Task directions: Check each line of the data below for the word "Christmas", then extract the ones that have it.

Source information:

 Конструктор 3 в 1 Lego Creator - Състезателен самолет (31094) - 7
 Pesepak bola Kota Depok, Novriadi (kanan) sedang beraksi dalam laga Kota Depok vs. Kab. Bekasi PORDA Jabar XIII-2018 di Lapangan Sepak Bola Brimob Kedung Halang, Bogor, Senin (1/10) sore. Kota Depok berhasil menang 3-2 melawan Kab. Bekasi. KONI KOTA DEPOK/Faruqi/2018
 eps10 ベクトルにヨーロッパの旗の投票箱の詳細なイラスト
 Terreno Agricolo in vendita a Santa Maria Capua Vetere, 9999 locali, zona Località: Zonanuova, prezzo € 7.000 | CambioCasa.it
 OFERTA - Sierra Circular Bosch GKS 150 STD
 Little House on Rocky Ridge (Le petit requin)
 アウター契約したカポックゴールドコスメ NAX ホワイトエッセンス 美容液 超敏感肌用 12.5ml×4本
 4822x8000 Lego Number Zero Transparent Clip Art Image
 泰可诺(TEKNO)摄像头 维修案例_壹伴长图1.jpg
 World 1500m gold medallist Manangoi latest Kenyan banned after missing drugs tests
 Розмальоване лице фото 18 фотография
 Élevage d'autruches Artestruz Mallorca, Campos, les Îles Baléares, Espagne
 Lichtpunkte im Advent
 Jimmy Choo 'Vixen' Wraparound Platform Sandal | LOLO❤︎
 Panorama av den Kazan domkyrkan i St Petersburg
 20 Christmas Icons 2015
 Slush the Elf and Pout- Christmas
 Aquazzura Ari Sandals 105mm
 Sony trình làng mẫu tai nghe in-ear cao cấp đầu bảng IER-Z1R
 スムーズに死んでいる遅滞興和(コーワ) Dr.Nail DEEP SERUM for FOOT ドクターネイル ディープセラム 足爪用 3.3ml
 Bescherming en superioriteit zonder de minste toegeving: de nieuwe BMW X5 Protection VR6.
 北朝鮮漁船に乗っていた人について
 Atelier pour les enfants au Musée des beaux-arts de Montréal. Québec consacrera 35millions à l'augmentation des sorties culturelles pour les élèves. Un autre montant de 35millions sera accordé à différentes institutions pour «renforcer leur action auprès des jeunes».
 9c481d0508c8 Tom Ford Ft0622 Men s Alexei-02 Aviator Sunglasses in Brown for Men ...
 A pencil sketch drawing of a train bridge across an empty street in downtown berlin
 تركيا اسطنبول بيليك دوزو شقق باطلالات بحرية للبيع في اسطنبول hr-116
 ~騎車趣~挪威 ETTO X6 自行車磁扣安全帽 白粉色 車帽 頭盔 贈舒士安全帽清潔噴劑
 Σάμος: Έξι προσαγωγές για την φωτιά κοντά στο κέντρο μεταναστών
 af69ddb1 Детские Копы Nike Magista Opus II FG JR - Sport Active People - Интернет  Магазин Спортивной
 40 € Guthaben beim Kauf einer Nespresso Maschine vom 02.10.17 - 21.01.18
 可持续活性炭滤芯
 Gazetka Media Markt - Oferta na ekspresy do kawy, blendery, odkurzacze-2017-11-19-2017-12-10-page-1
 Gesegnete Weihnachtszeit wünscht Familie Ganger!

Task solution:
 20 Christmas Icons 2015
 Slush the Elf and Pout- Christmas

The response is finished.